Given a (smooth) vector bundle $E\to M$ with connection $\nabla$ one can define the exterior derivative $d^\nabla:\Omega^k(M,E)\to\Omega^{k+1}(M,E)$ by $$d^\nabla\omega(X_0,\dots,X_k):=\sum_{i=0}^k(-1)^k\nabla_{X_i}\bigl(\omega(X_0,\dots,\widehat{X_i},\dots,X_k)\bigr)+\sum_{0\leq i<j\leq k}(-1)^{i+j}\omega([X_i,X_j],X_0,\dots,\widehat{X_i},\dots,\widehat{X_j},\dots,X_k)$$ for all vector fields $X_0,\dots,X_k\in\Gamma TM$, where $[X,Y]h=X(Yh)-Y(Xh)$ is the Lie bracket, and hats denote omission. However, to me this formula looks pretty random, not at all natural like many other things in differential geometry. My question now is whether there is some intuitive way to derive this formula?

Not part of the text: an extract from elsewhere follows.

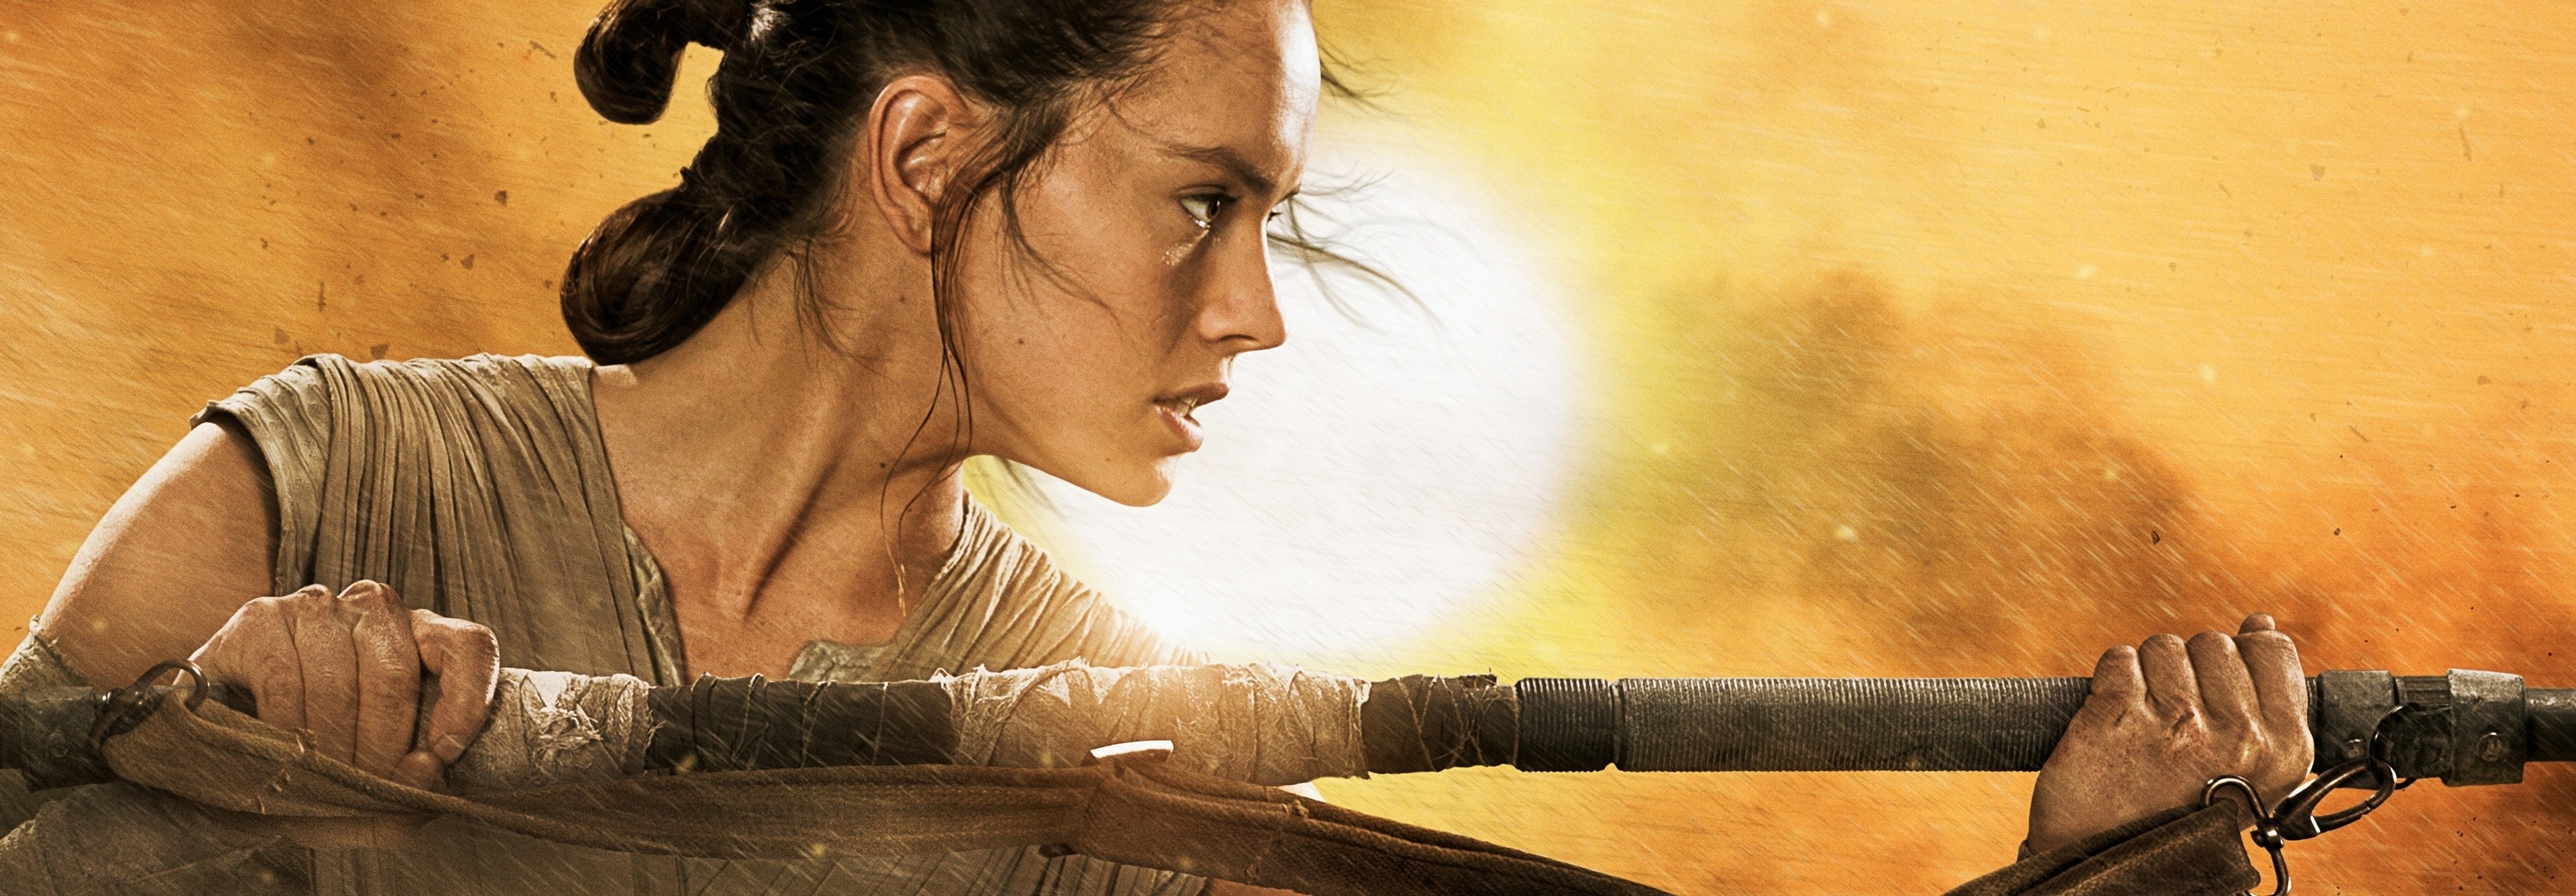 3581x1246 portrait movies Person Daisy Ridley screenshot computer wallpaper photo  shoot star wars episode vii the force

For example, to define the derivative $f'$ of a function $f:\mathbb R\to\mathbb R$ I first start with a description (or set of axioms) of what $f'$ is supposed to do, i.e. "assign every $x\in\mathbb R$ the rate of change of $f$ at $x$", then notice that $f$ changes by $f(\tilde x)-f(x)$ over $[x,\tilde x]$, so a good approximation of its rate of change would be $\frac{f(\tilde x)-f(x)}{\tilde x-x}$, which becomes more accurate as $\tilde x$ goes to $x$, so I define $f'(x)=\lim_{\tilde x\to x}\frac{f(\tilde x)-f(x)}{\tilde x-x}$.
Is there a similar derivation of $d^\nabla$? One that starts with some (intuitive of rigorous) requirements that describe what $d^\nabla$ is supposed to do, and that arrives at the formula above?